Results 1 to 10 of 10

Thread: MPEG-G

  1. #1
    Member
    Join Date
    Dec 2011
    Location
    Cambridge, UK
    Posts
    437
    Thanks
    137
    Thanked 152 Times in 100 Posts

    MPEG-G

    For those that don't know, this is MPEG's foray into genomic data compression. I engaged with it in the early days as I wanted to see a new, better engineered file format.

    Things went sour, to my personal taste and I withdrew. I would have left it at that if the PR campaign hadn't started to get so biased, always comparing their format against 10 year old legacy ones and ignoring everyone elses good work (including my own), so with a sad sinking feeling I started my first blog.

    https://datageekdom.blogspot.com/

    This makes a mockery of the great work the Pistoia Alliance did with their Sequence Squeeze contest (OK I'm biased, a little), as they demonstrated a better model.

    To be balanced, this is their side of the argument:

    https://www.biorxiv.org/content/early/2018/09/27/426353

  2. The Following 5 Users Say Thank You to JamesB For This Useful Post:

    JamesWasil (14th October 2018),Jarek (1st October 2018),Mike (28th September 2018),schnaader (29th September 2018),SolidComp (29th September 2018)

  3. #2
    Member
    Join Date
    Apr 2012
    Location
    Stuttgart
    Posts
    437
    Thanks
    1
    Thanked 96 Times in 57 Posts
    If I read through your blog, is it right to say that your main point of critique is the process and not the standard itself? I cannot really comment on MPEG-G, I'm neither an expert there, nor did I participate, nor contribute.
    I'm only next door, WG1 not WG11.

    Concerning patents: Very much a mixed blessing. The problem is that people run to the patent office with the most obvious and trivial ideas, and the patent offices no longer have the capacity to check claims and hunt for prior art. Most of the compression patents would probably not withstand in a court. On the other hand, patents also help to fund research. If we wouldn't have patents, I would not have a job, and my job is pretty much paid (or was paid) by mp3 patents (or rather, MPEG 2 audio layer 3). Then, if you talk about the open media alliance, and google making research available for free, this is not quite true either. You already paid for that, with your privacy and your personal data. If something is for free, you are not the customer - you are the product. In the end, there is no free lunch. You can either pay directly, or indirectly.

    To clear up the process a little bit: Within ISO itself, you do not and cannot talk about patents, and patents shall not have an influence on technical decisions. The idea is that the process should be driven by technical expertise, and not by commercial interests. Of course, you cannot prevent that in reality, as always. You declare patents only in the very last step of the process, just before publication, and not to the working group, but to the ISO office - just to make sure that you understand how things work.
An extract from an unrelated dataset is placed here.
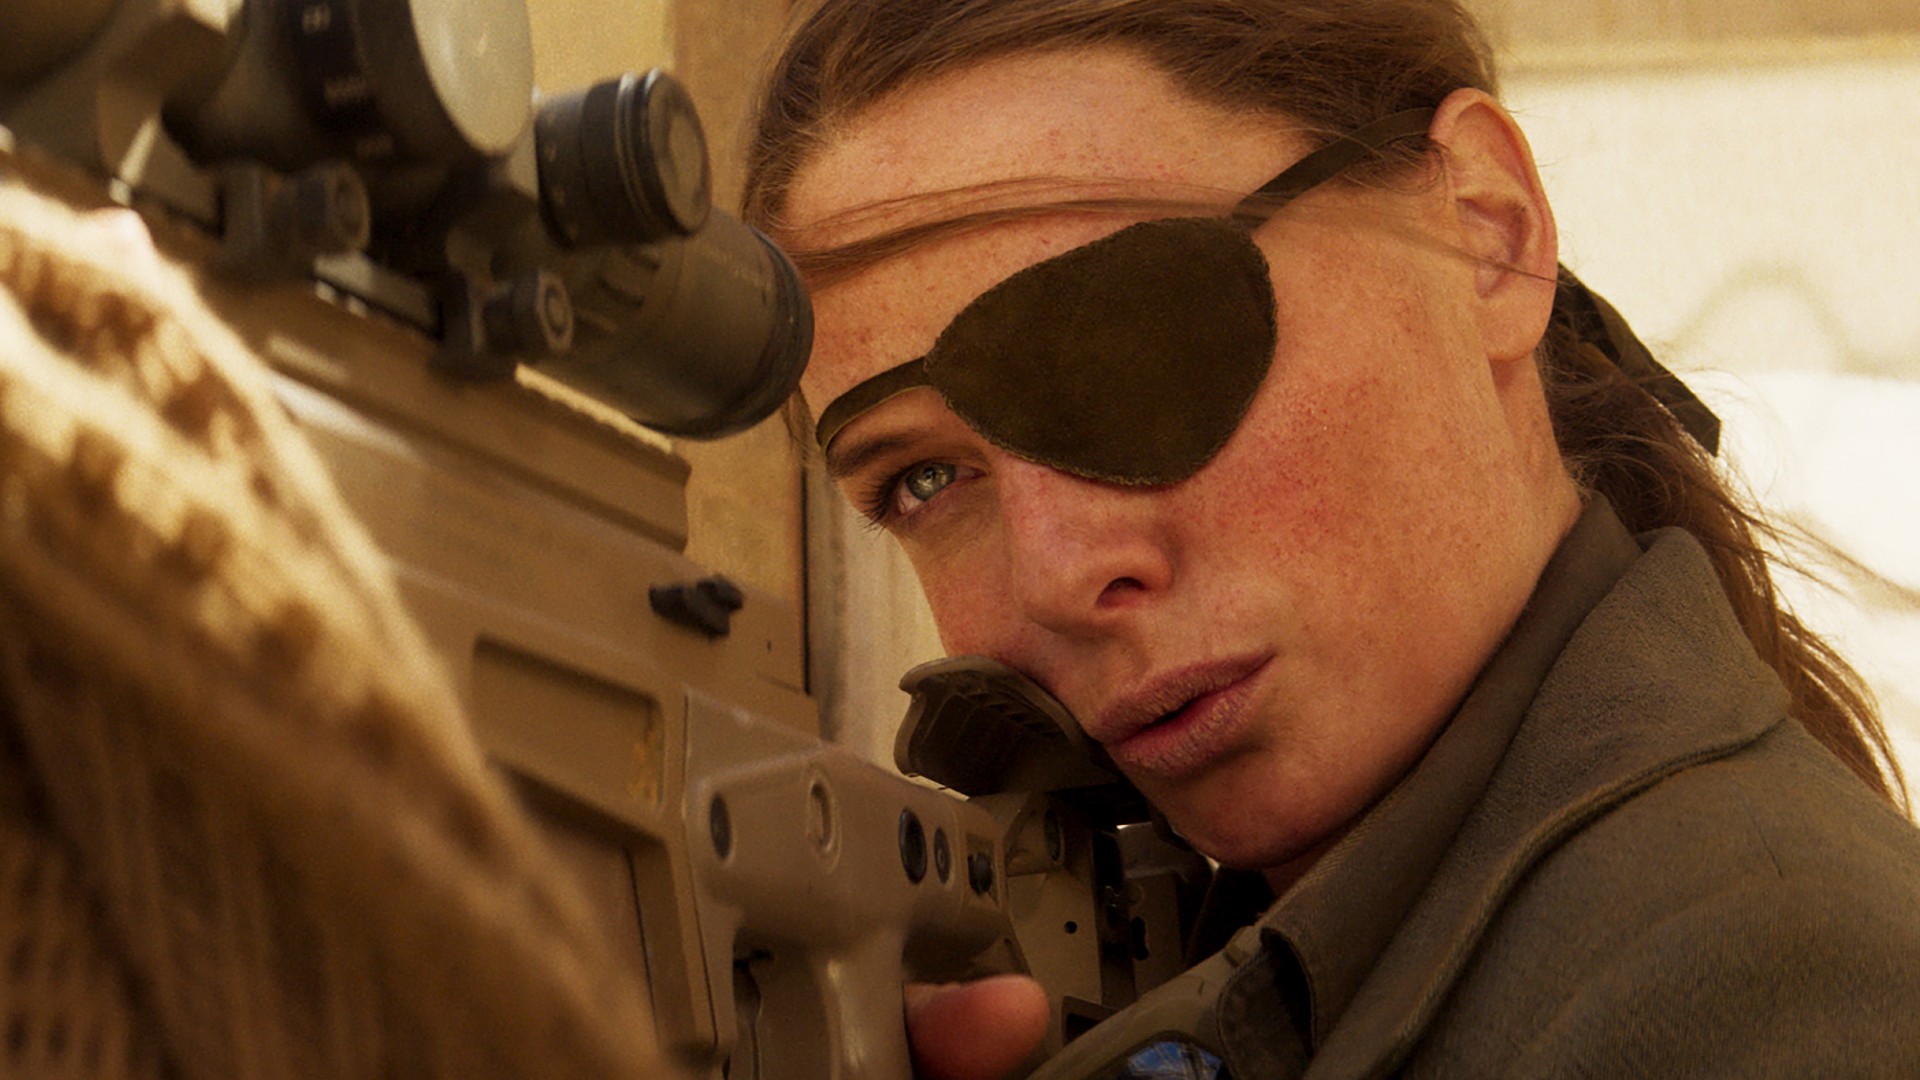 Rebecca Ferguson in an eyepatch traces up a shot alongside with her sniper rifle.
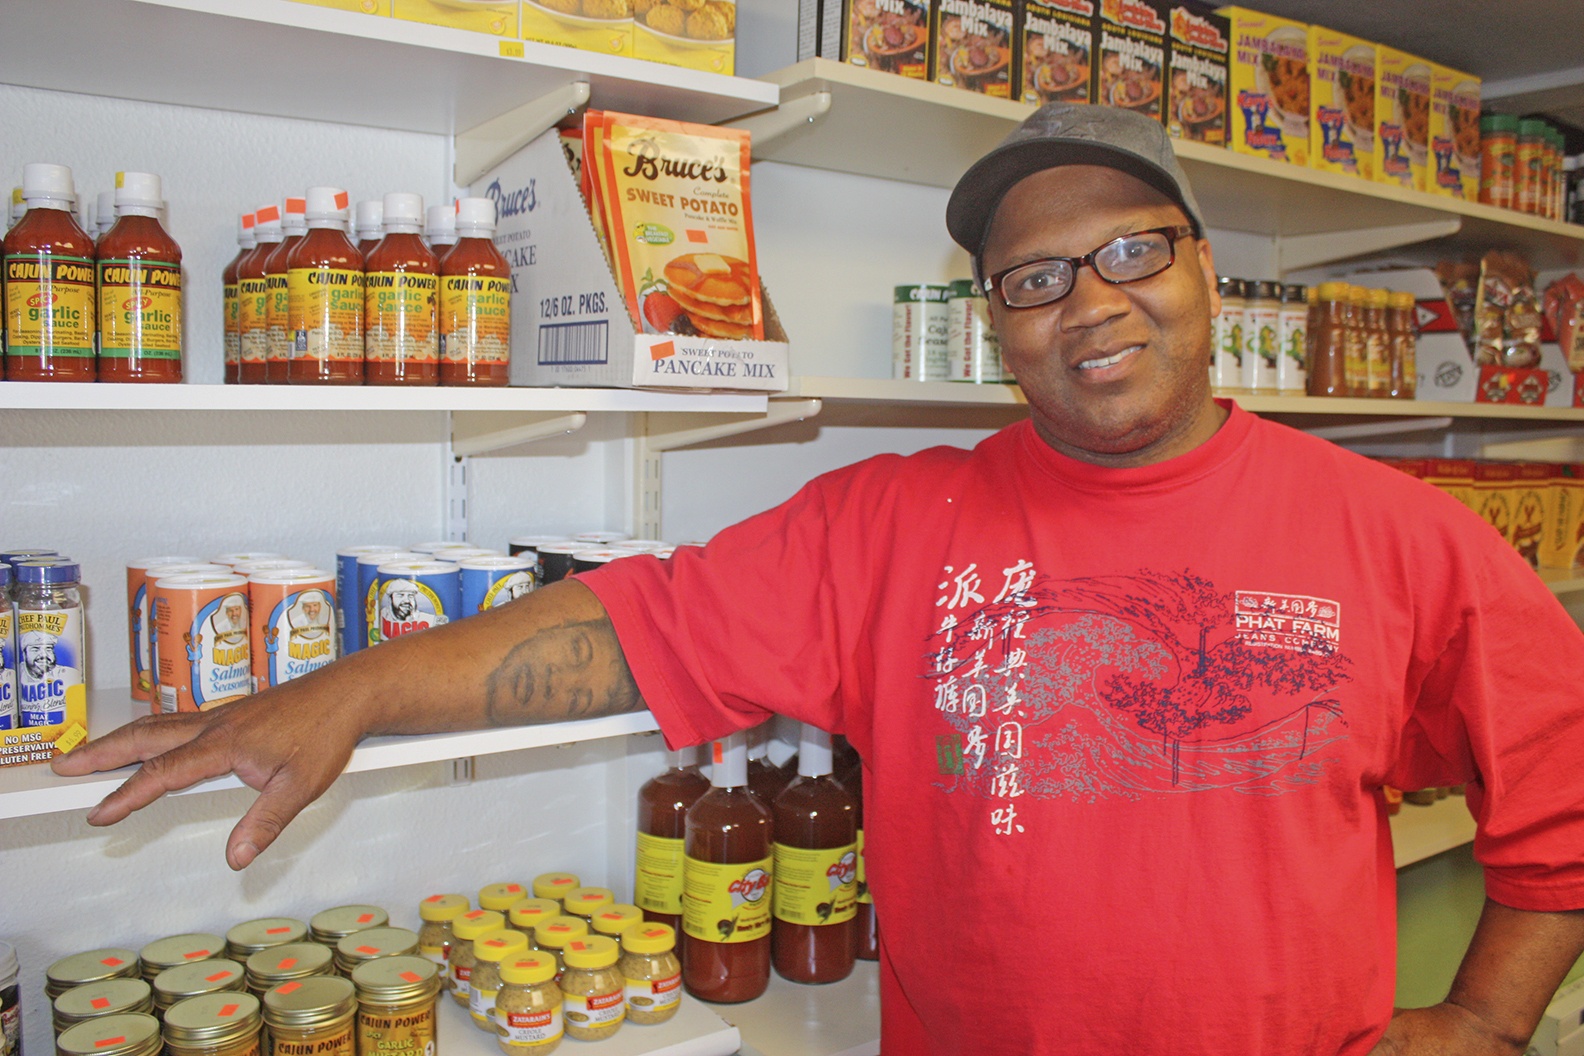 Reginald Robinson is bringing the taste of the South to Kent with Altha’s Louisiana Cajun Seasoning & Spices

You neither defeat or justify patents within any ISO working group. That is the job of a patent pool, for example.

    Concerning reproducibility: Every ISO process should have a "verification model" that should also be available to WG members. I firmly hope MPEG-G has one, but I do not know. Hence, if you are an accredited member, you should have access and should ask the adhoc group chair to get access to it. If not, complain the test chair of WG11 that the process isn't right. Ideas do not enter into the standard because "someone say so", but because there is evidence on the table from core experiments that provides guidance to the decisions. Also, you need to make sure your ideas are heart, and enter into core experiments, to drive such decisions. It is therefore of importance that you come to meetings. Also, test results should be available to you, thus allowing you to reproduce the findings of the members. If you want to communicate your ideas, it is important to register input documents on your proposals. These documents are archived, and can very much help to fight a patent later on as they document your prior art. It would be the job of the patent office to verify such documents, but they are snowed under by so many applications that the patent system itself became close to worthless, and I believe there should be a higher entry barrier to avoid trivial patents - but see above.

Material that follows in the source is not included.